CUDA illegal memory access for cuda extension in multiprocessing

I wrote a simple CUDA extension to multiply a tensor in-place on GPU, it works fine on single process but in multiprocessing mode it gets the illegal memory access error. I’ve tried compute-sanitizer as well but didn’t get any more meaningful info. Here’s a minimal reproducible code package, simply run python setup.py install && python test_inplacemul.py.

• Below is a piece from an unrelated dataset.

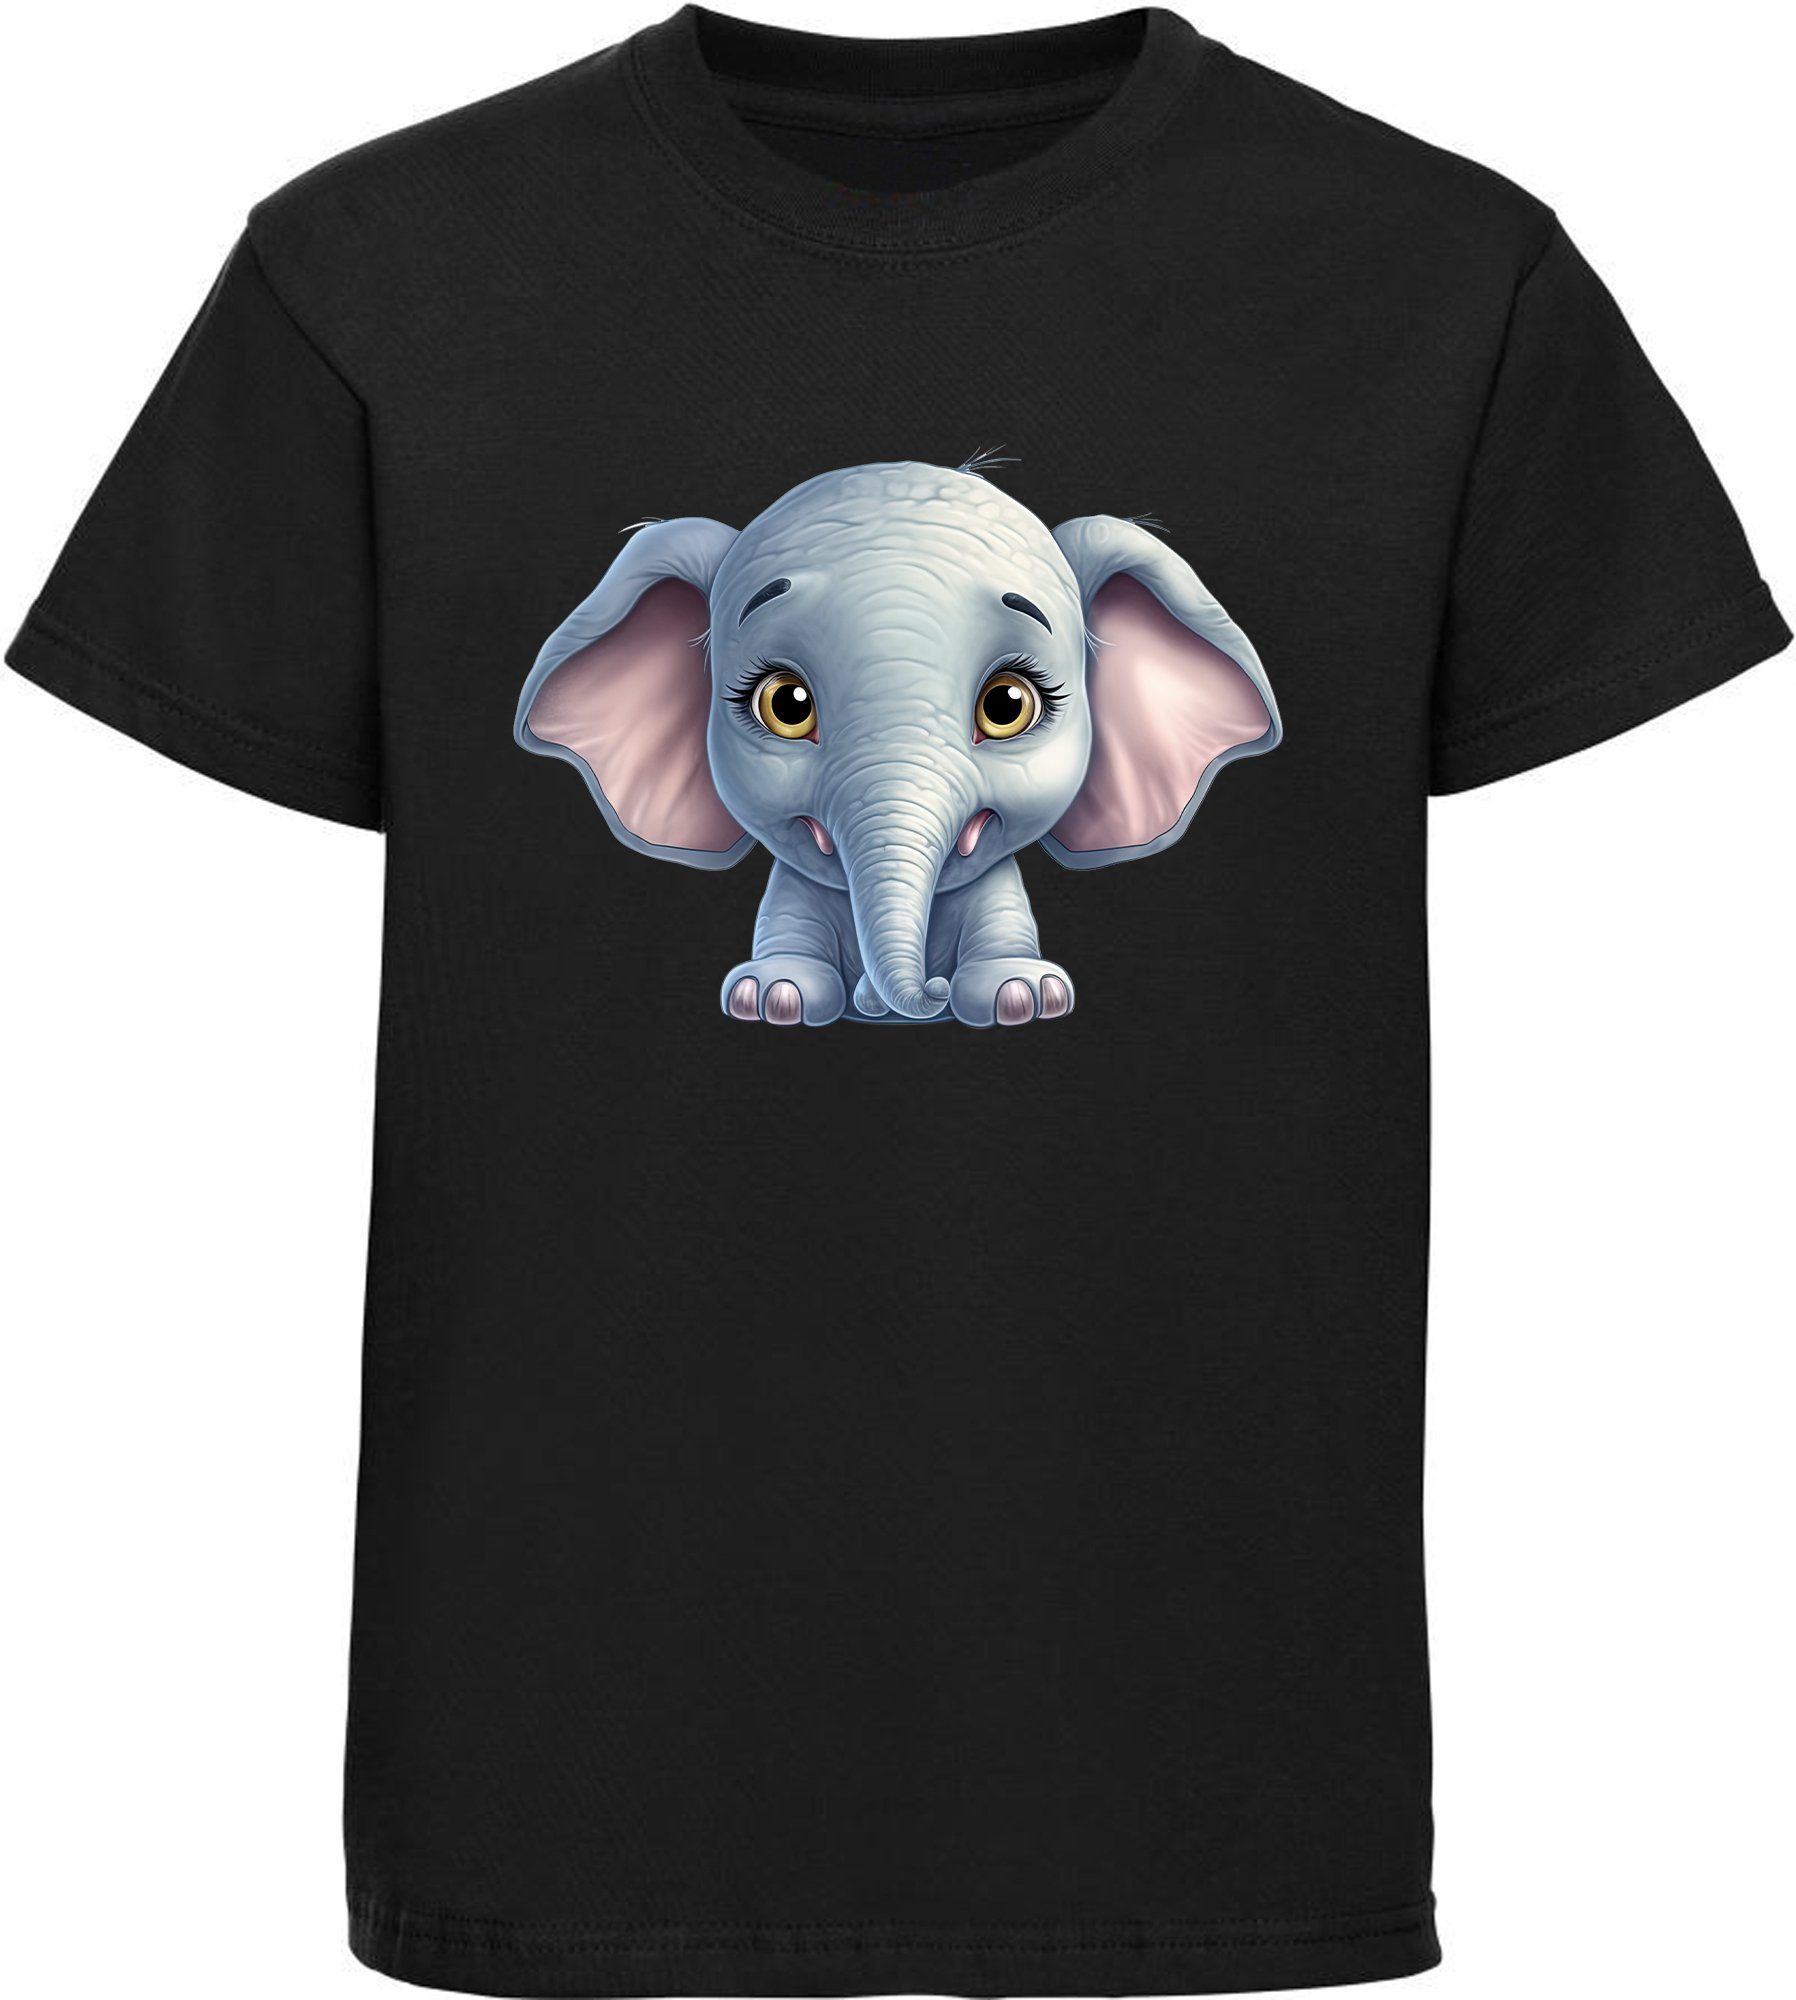 MyDesign24 T-Shirt Aufdruck, Shirt Baumwollshirt Wildtier schwarz - bedruckt Elefant mit Kinder Print Baby i272

Here are the main snippets for a quick preview:

CUDA implementation:

__global__ void raw_mul_cuda_forward_kernel(float* x) {
  const int r = blockIdx.x;
  const int c = blockIdx.y;
  const int d = threadIdx.x;
  const int D = blockDim.x;
  x[r * D * D + c * D + d] *= 2.f;
}

void mul_cuda_forward(torch::Tensor x) {
  const auto H = x.size(0);
  const auto W = x.size(1);
  const auto D = x.size(2);
  const int threads = D;
  const dim3 blocks(H, W);
  raw_mul_cuda_forward_kernel<<<blocks, threads>>>(x.data<float>());
  cudaDeviceSynchronize();
}

In Python:

import torch
import inplacemul_cuda
from tqdm import tqdm

def error_callback(error):
	print(error, flush=True)

def process(rank):
    device = torch.device(f"cuda:{rank}")
    x = torch.rand(32, 32, 32).to(device)
    gold = x * 2
    inplacemul_cuda.forward(x)
    assert torch.abs(gold - x).sum() == 0

if __name__ == '__main__':
    assert torch.cuda.is_available()

    # sequential test
    for _ in tqdm(range(10)):
        process(0)
    print('Single-process test passed')

    # multiproc test
    import torch.multiprocessing as mp
    ctx = mp.get_context("spawn")
    N = 1000
    pool = ctx.Pool(processes=2)
    pbar = tqdm(total=N)
    rets = []
    num_gpus = torch.cuda.device_count()
    gpu = 0
    for _ in range(N):
        ret = pool.apply_async(process, args=(gpu,), 
            callback=lambda _: pbar.update(1), 
            error_callback=error_callback)
        rets.append(ret)
        gpu = (gpu + 1) % num_gpus
    pool.close()
    pool.join()
    for ret in rets:
        ret.get()

You might need to add a device guard via:

at::cuda::OptionalCUDAGuard device_guard(id)

Yes that works, thanks for the quick reply. For reference: I added #include <c10/cuda/CUDAGuard.h> at the top, and at::cuda::OptionalCUDAGuard device_guard(x.device()); before the kernel launch.